9.      Not reporting a stepparent’s stepchildren, income and assets. Prenuptial agreements are ignored on the FAFSA. If the stepparent is married to the parent who completes the FAFSA on the date the FAFSA is filed, the stepparent’s information must be reported as a matter of federal law. Stepchildren are counted in household size if the stepparent provides more than half their support, even if they don’t live in the household. If they are enrolled in college at least half-time, they are also counted in the number of children in college, which can yield a big increase in eligibility for need-based financial aid. This can compensate for the inclusion of the stepparent’s income and assets. Note that the stepparent’s income from the prior-prior year must be reported even if the student’s parent was not married to the stepparent at the time.

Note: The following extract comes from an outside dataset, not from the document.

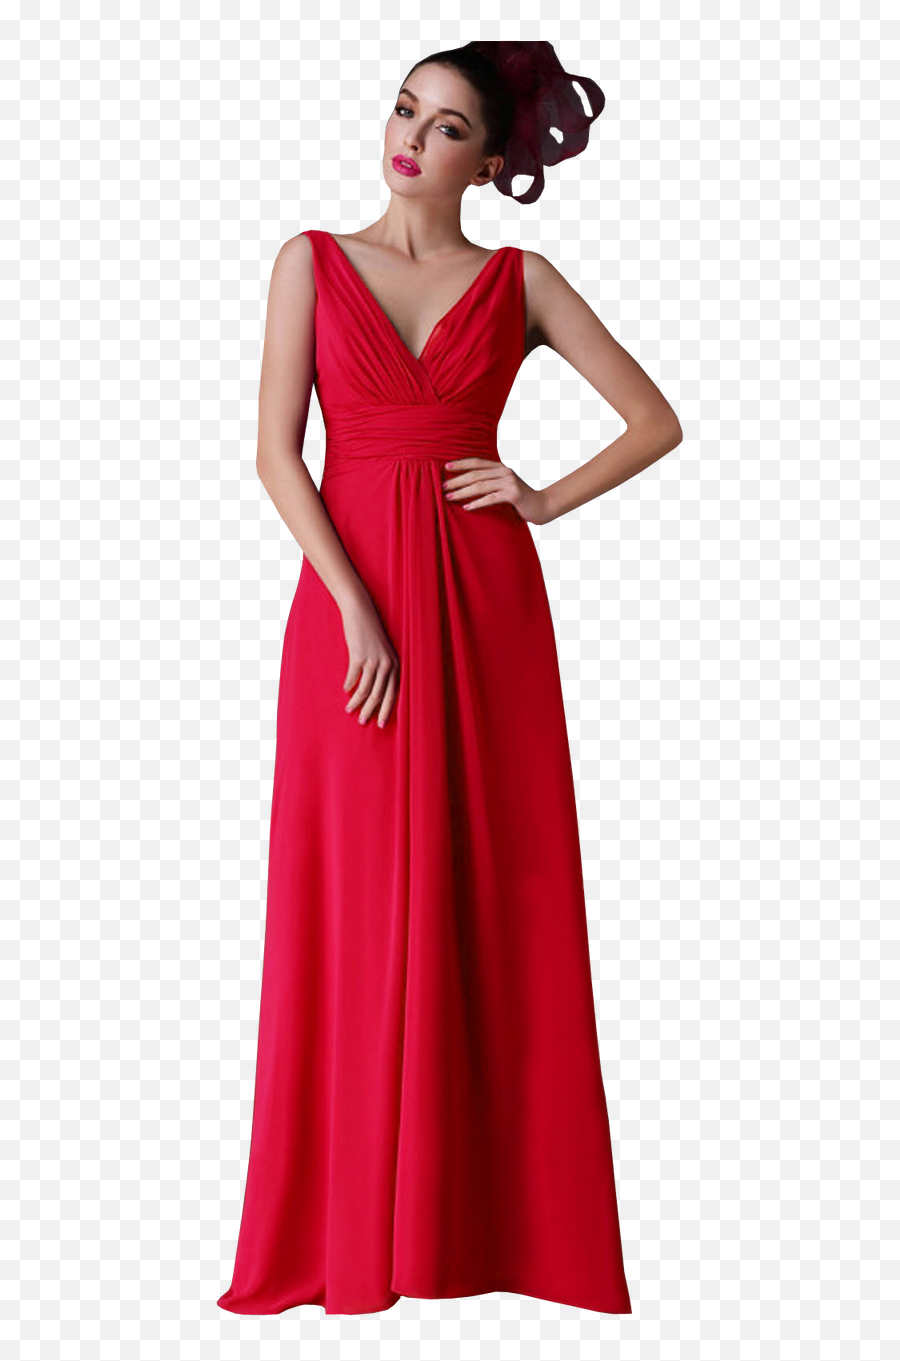 New V - Neck Chiffon Party Prom Dress Gown Png,Prom Dress Png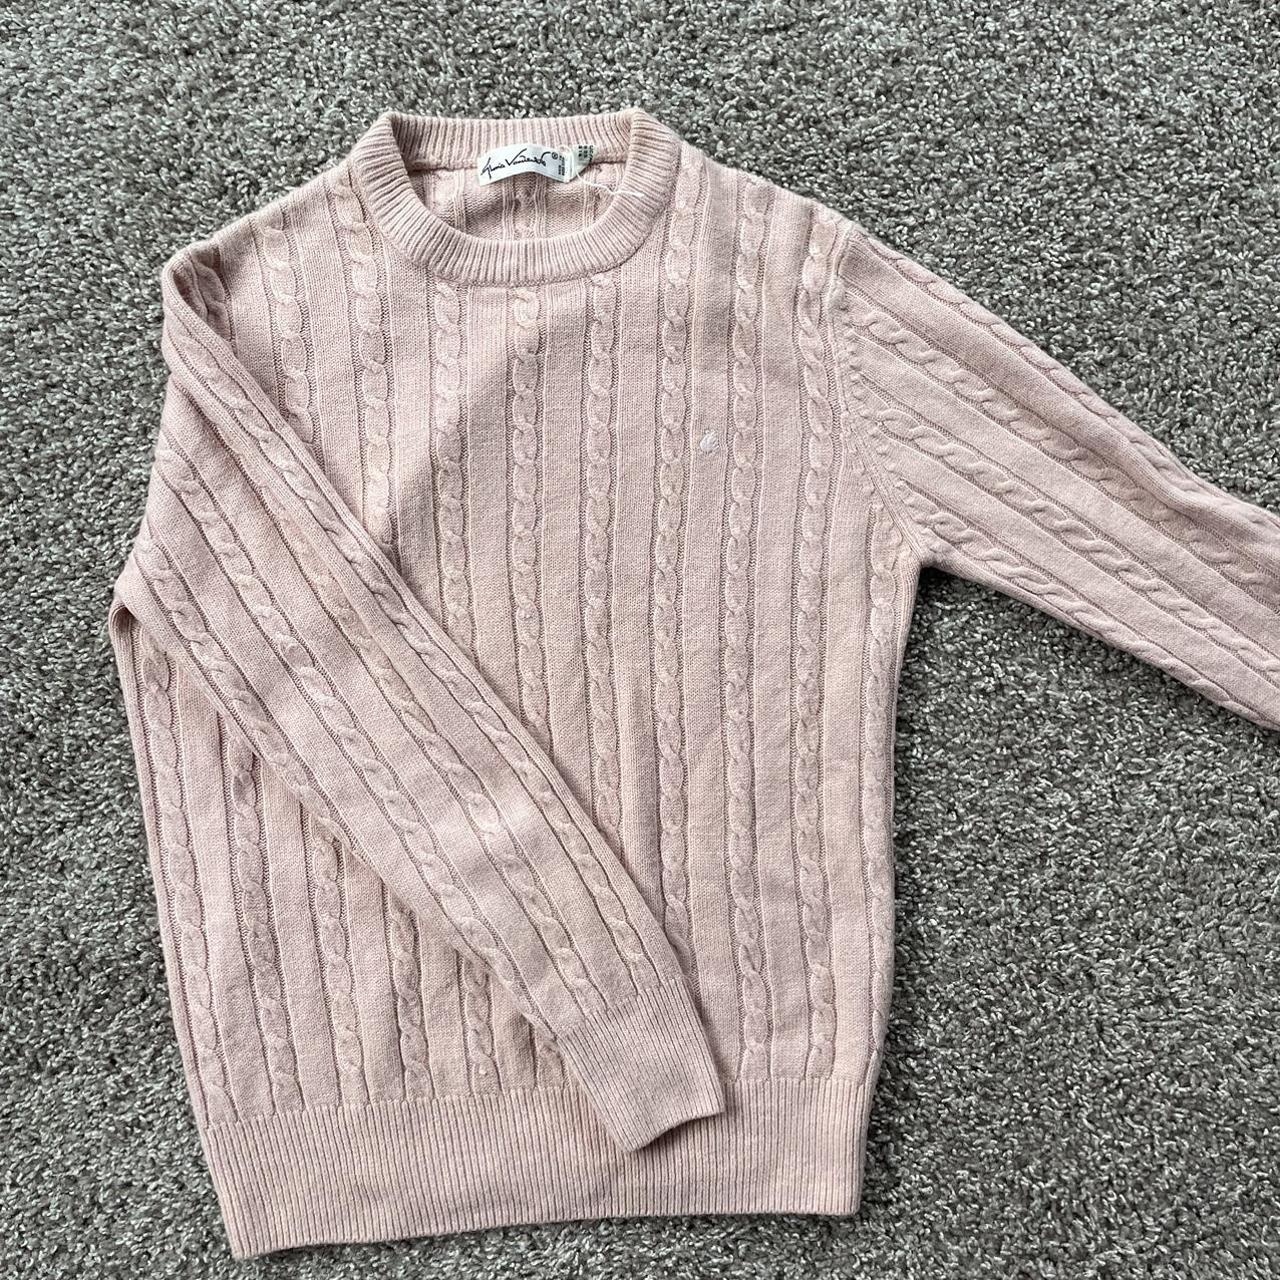 vintage cable knit sweater tagged size large but... - Depop

10.  Ignoring the exceptions to the Schedule 1 question on the FAFSA. The FAFSA asks whether the parents were required to file IRS Schedule 1. If the parents answer yes, they will not satisfy the type of tax return requirement for the Simplified Needs Test and Auto-Zero EFC. The simplified needs test causes assets to be disregarded on the FAFSA and auto-zero EFC causes the expected family contribution to be set to zero. The question about IRS Schedule 1, however, has several exceptions. If the parents filed IRS Schedule 1 only to report unemployment compensation, the student loan interest deduction, IRA deductions or a few other reasons, the answer to this question on the FAFSA should be no.